Another issue is that in movement analysis, only hyperactivity or a combined ADHD subtype (i.e., only patients exhibiting high motor activity) can be analyzed. With its advantage of detecting movement changes, it provided consistent monitoring for hyperactive or combined subtypes of ADHD; this movement analysis can be viewed as being superior to the traditional method. Notably, ADHD-C and ADHD-H subtypes are predominant, with a combined prevalence of 78.0–81.7%, which is much higher than that of ADHD-I (18.3–22.0%) [19,20,21]. Hence, our proposed method can be used for tracking therapeutic effects in most, but not all, patients with ADHD.

In our study, a few issues were noted when applying the movement analysis. First, the option of clothing color was our main concern. We could only choose participants who wore solid plain-colored clothes because clothing texture or color affected the pixel subtraction value. Striped or contrasting-color clothing increased the light field area, thus increasing the movement value. Second, our main focus in movement analysis was the children. It was imperative that the caretaker or parent should not block the view of the video recorder.

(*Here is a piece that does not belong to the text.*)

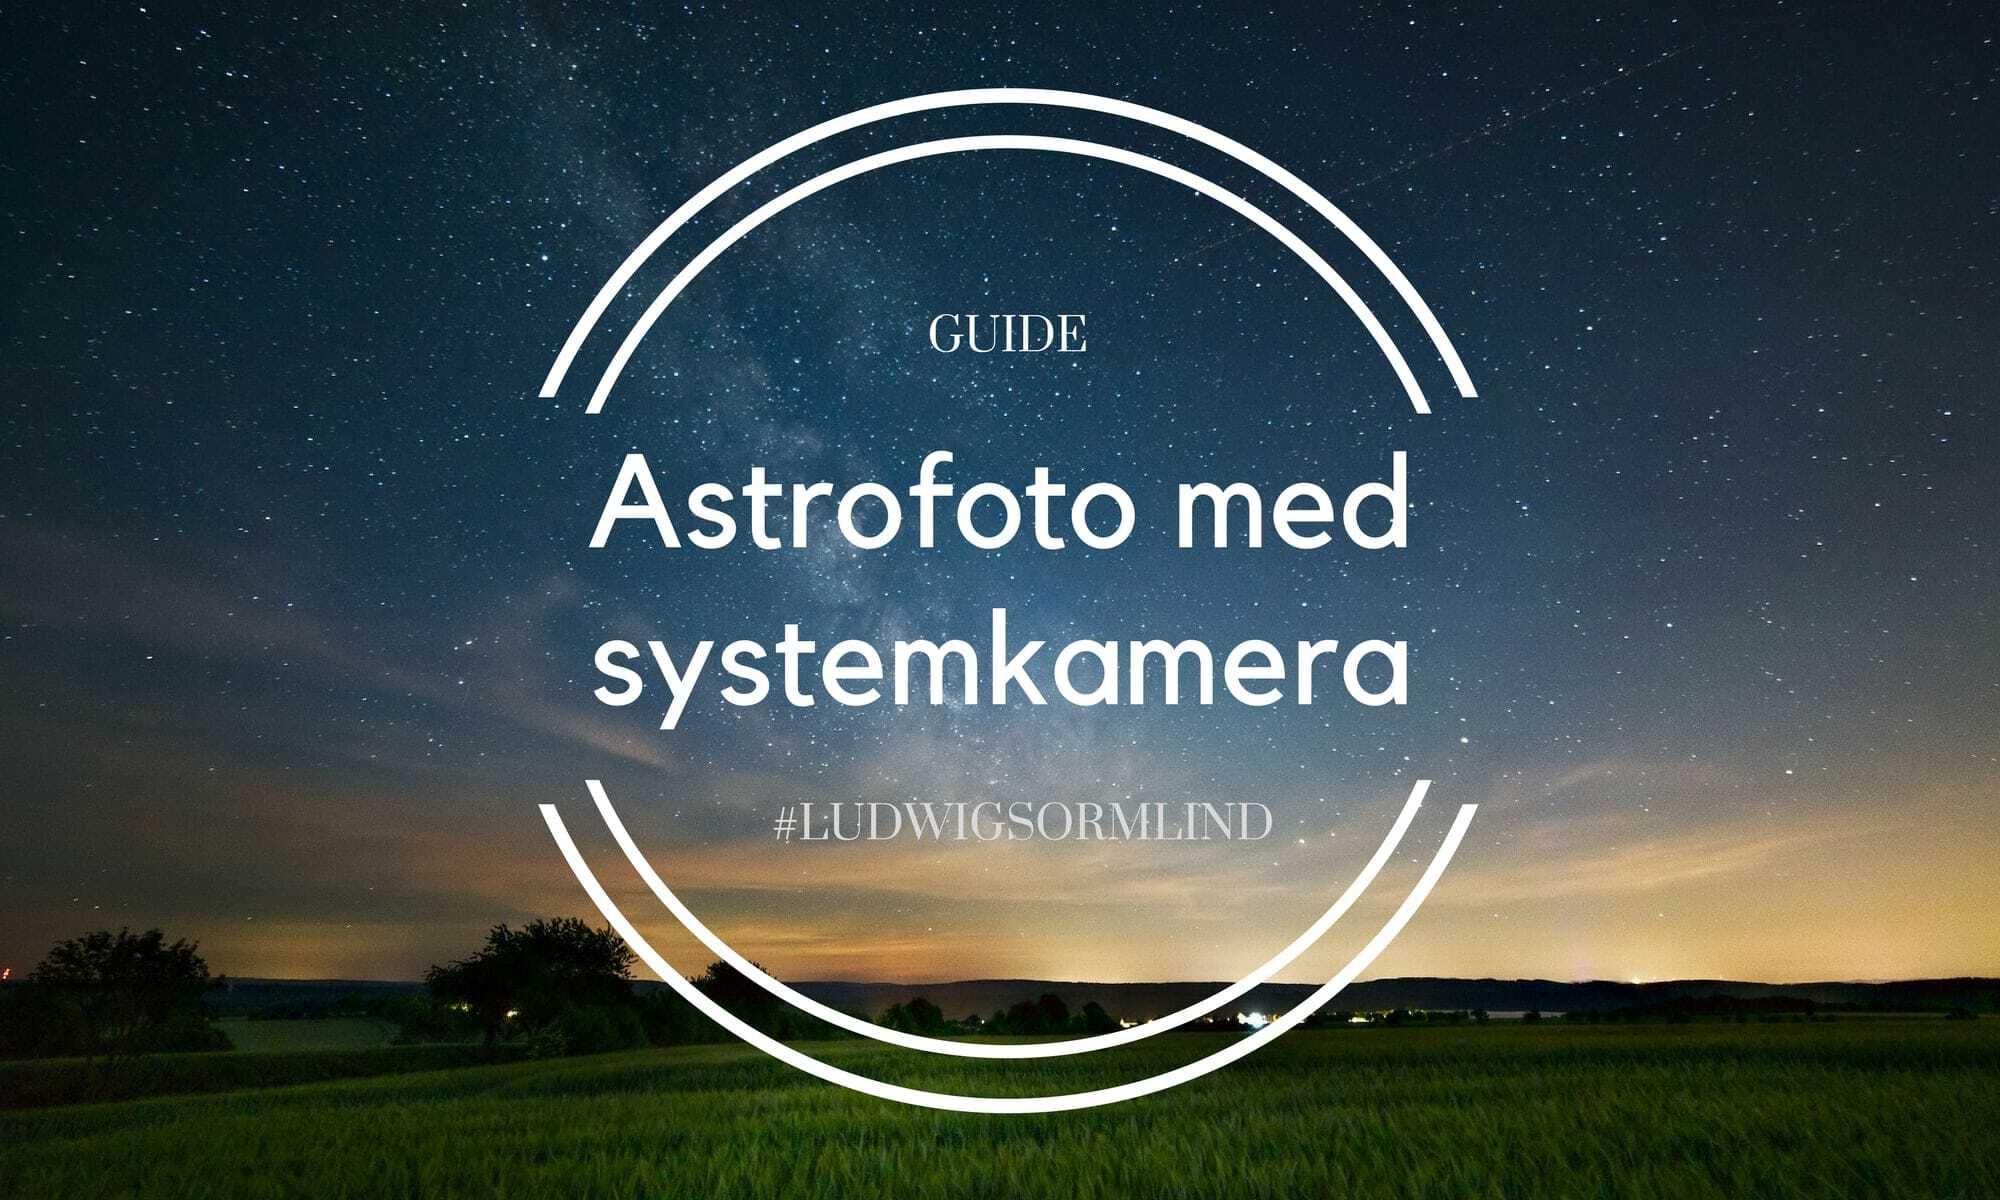 Astrofoto med systemkamera - Så fotograferar du stjärnhimlen - Ludwig Sörmlind

Our study has some limitations. Our cohort primarily comprised patients with ADHD-C and with an unbalanced sex distribution; thus, our results may not be representative of all ADHD subtypes and both genders. The small sample size (n = 25) is a major limitation in this study. In Table 1, even a reduction of 25.07% (above the cut-off for improvement) is not significant. More ADHD patients should be enrolled in further study to increase the reliability of our results. The movements of patients with ADHD in the consulting room may be affected by non-pharmacological factors, such as food intake on the day of assessment, sleep quality before each visit, and familiarity with the consulting environment. Future studies should include a questionnaire to investigate the relationship between these confounding factors and children’s movements. Although this study showed a 39% reduction of movements as compared to a 16–20% reduction of ADHD-symptoms as rated by parents and teachers, further study should be performed to investigate the relationship between movement values and functional impairment. Furthermore, the camera position and angle are important components in movement analysis. Different camera angles or positions can result in different shooting views and a possibility of failing to detect the overall movement of body parts, leading to inaccuracy or bias in movement analysis. Future studies should use two or more cameras mounted at different locations in the room to overcome this issue.

6. Conclusions

In the present study, we demonstrated that pixel subtraction of video images is an objective and quantitative method of evaluating ADHD medication efficacy in the early stage. We suggest that the method could be clinically applicable for managing other behavior/movement disorders of children.